This retrospective study was approved by the Ethical Review Boards of the 2 participating hospitals. Because of the retrospective nature of the study, the requirement of patient informed consent was waived. We retrospectively reviewed the medical records of all patients who had undergone surgical resection for lung adenocarcinomas and granulomatous lesions that were identified as peripheral SCSNs on chest CT images between October 2011 and June 2019. Criteria for inclusion in the analysis were: 1) Histopathologically confirmed primary lung adenocarcinomas or granulomatous lesions of the surgical resection tissue specimens; 2) Solitary solid peripheral lung nodule ≤ 10 mm in diameter; 3) Preoperative chest CT images with a thin slice thickness (≤ 1.5 mm); 4) Interval between preoperative chest CT scan and surgery less than 2 weeks. Exclusion criteria were: 1) Solitary sub-solid nodules (non-solid and part-solid); 2) Obvious calcifications or satellite opacities in the lung nodule; 3) Pathologic diagnosis by examination of a biopsy tissue specimen, or bronchoscopy; 4) Chest CT images with artifacts and/or not of sufficient quality for diagnosis; 5) Patients with a previous medical history of a malignant tumor.

A total of 150 consecutive patients (83 males and 67 females; mean age, 55.45 ± 12.26 years; age range, 20–81 years) from Center 1 were enrolled as training dataset, with 77 lung adenocarcinomas and 73 granulomatous lesions. The independent external validation dataset consisted of 64 consecutive patients from Center 2 (31 males and 33 females; mean age, 56.09 ± 11.36 years; age range, 29–78 years), with 35 lung adenocarcinomas and 29 granulomatous lesions. An overview of the study methodology is illustrated in Fig. 1.

Fig. 1
figure 1

Overview of the study methodology

Chest CT scan technique

All chest CT examinations were included the entire thorax, and were performed with supine position. Single scans were obtained during deep inspiration and breath-hold. CT scans were performed with Somatom Sensation 16-detector and Dual-energy Force (Siemens Medical System, Forchheim, Germany), Toshiba Aquilion 64-slice CT scanner (Toshiba Medical Systems, Japan), or GE Discovery CT750 64-detector CT scanner (GE Medical Healthcare, Milwaukee, Wisconsin). Scanning parameters were: 120 kVp; 40–80 mAs with auto exposure control; pitch 0.875–1.5; detector collimation 0.625–2.5 mm; field of view (FOV) 360 mm X 360 mm. Lung images were reconstructed with the use of a high-spatial-frequency algorithm, and mediastinal images with the use of an intermediate-spatial-frequency algorithm. Contiguous images were reconstructed with a 0.625–1.5 mm slice thickness for axial sections, and a 3.0 mm slice thickness for coronal and sagittal sections.

Chest CT image evaluation

CT images were reviewed using a picture archiving and communication system (PACS). The images were read using a lung window of − 550 Hounsfield units (HU) and width of 1500 HU, and a mediastinal window of 35 HU and a width of 250 HU. Two experienced radiologists with subspecialty training in thoracic radiology (reader 1 with more than 15 years’ experience, and reader 2 with 25 years’ experience) who were unware of the final pathological diagnosis and clinical data reviewed the CT scan images of each nodule independently. Nodule characteristics recorded included: 1) Location; 2) Size; (3) Margin (regular, irregular); (4) Lobulated shape (absent, present); 5) Spiculated sign (absent, present). Nodule size was determined by the average of the maximum longest diameter and perpendicular short diameter on the axial CT images on which the nodule was the largest. A regular margin was defined as sharply demarcated, with a round or oval smooth shape. Lobulated shape was defined as a part of the nodule surface (except the portions in contact with the pleura) exhibiting a concave or straightened configuration. Spiculated sign was defined as the presence of 2-mm or thicker strands extending from the nodule margin into the lung parenchyma, without reaching the pleural surface [1, 5, 7]. Discrepancies in interpretation between the observers were resolved by consensus.

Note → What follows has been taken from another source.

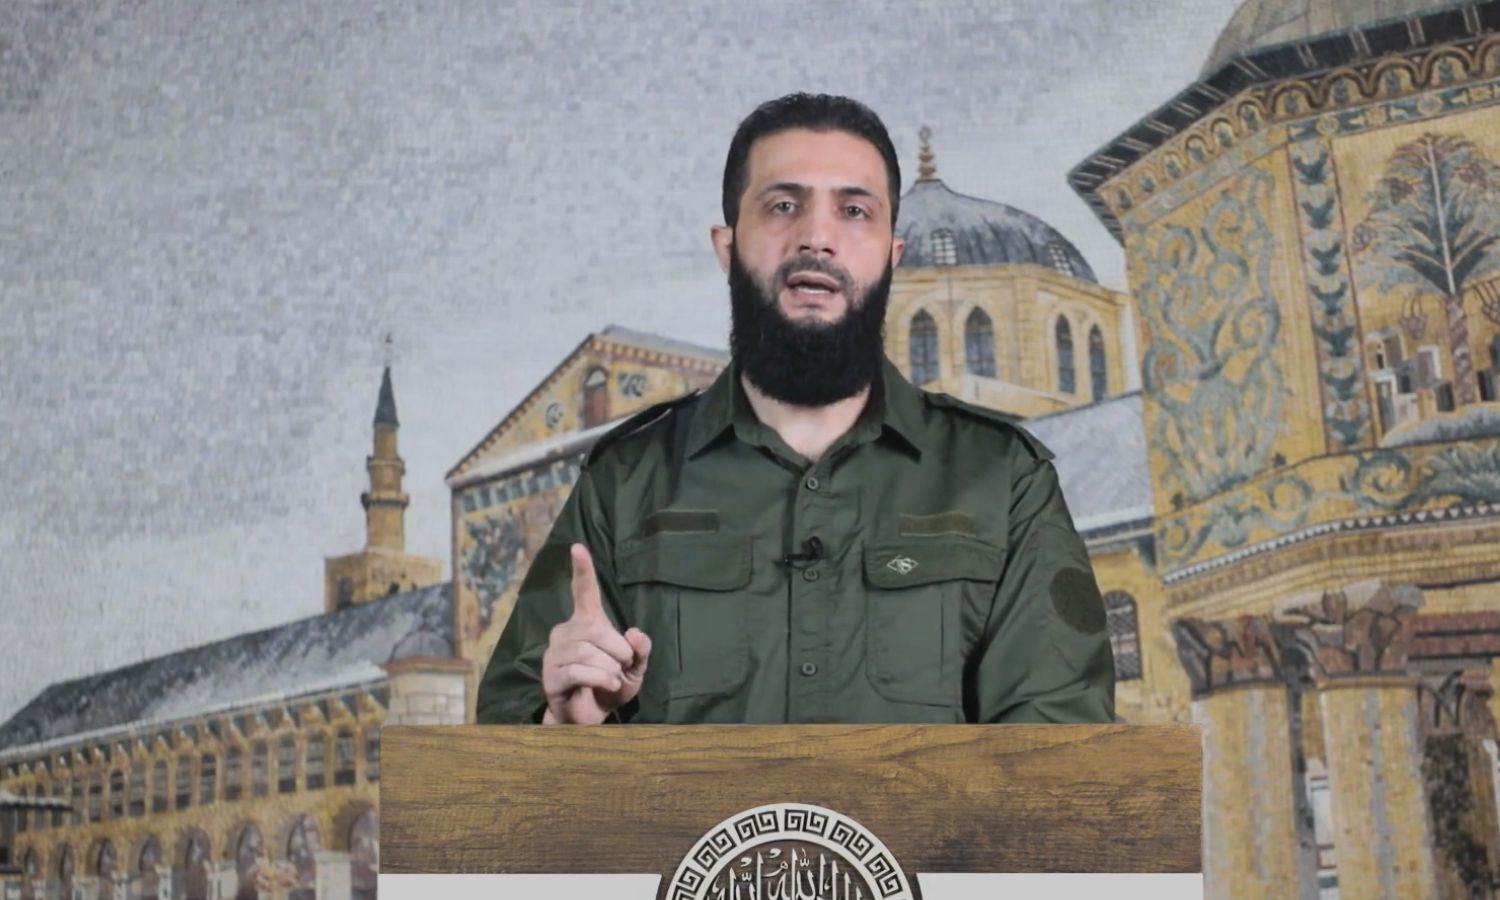 القائد العام لـ"هيئة تحرير الشام" صاحبة النفوذ العسكري في إدلب، "أبو محمد الجولاني" مُدرج ضمن المطلوبين لأمريكا- 2 من كانون الثاني 2023 (أمجاد)

Gender, age and subjective CT features were compared between groups with the Wilcoxon Rank Sum test or Pearson chi-squared test, as appropriate. Univariate and multivariate logistic regression analyses were conducted. Clinical factors (including gender and age) and subjective CT features which were significantly different between groups on univariate analysis were selected and examined by multivariate logistic regression to develop the predictive subjective findings model.

Histopathological analysis

Histopathological examinations of the surgical specimens were performed by 2 pathologists with subspecialty training in chest pathological diagnosis (one with more than 10 years’ experience, and the other with 15 years’ experience) who were blinded to the chest CT reports and clinical information. Resected lesions were classified according to the 2011 International Association for the Study of Lung Cancer/American Thoracic Society/ European Respiratory Society classification system, and the 2015 World Health Organization (WHO) classification of lung neoplasms [4, 24].

Nodule segmentation and radiomics feature extraction

A U-net-based deep learning model was used for volume of interest (VOI) segmentation, and was primarily implemented with Python 2.7 [25]. When inputting the whole slice tumor image into the U-net based deep learning model, the boundaries of the lesions were automatically determined without any pre- or post-processing (SupplementaryA0). The whole tumor volume was then reconstructed on multiple 2-dimensional (2D) image slices by interpolation [26]. During the reconstruction of the whole volume lesions, wavelet band-pass filtering, isotropic resampling, and grayscale discretization were performed to obtain heterogeneity parameters of different characteristics, and thus improve the robustness and reproducibility of the extracted heterogeneity parameters [27,28,29].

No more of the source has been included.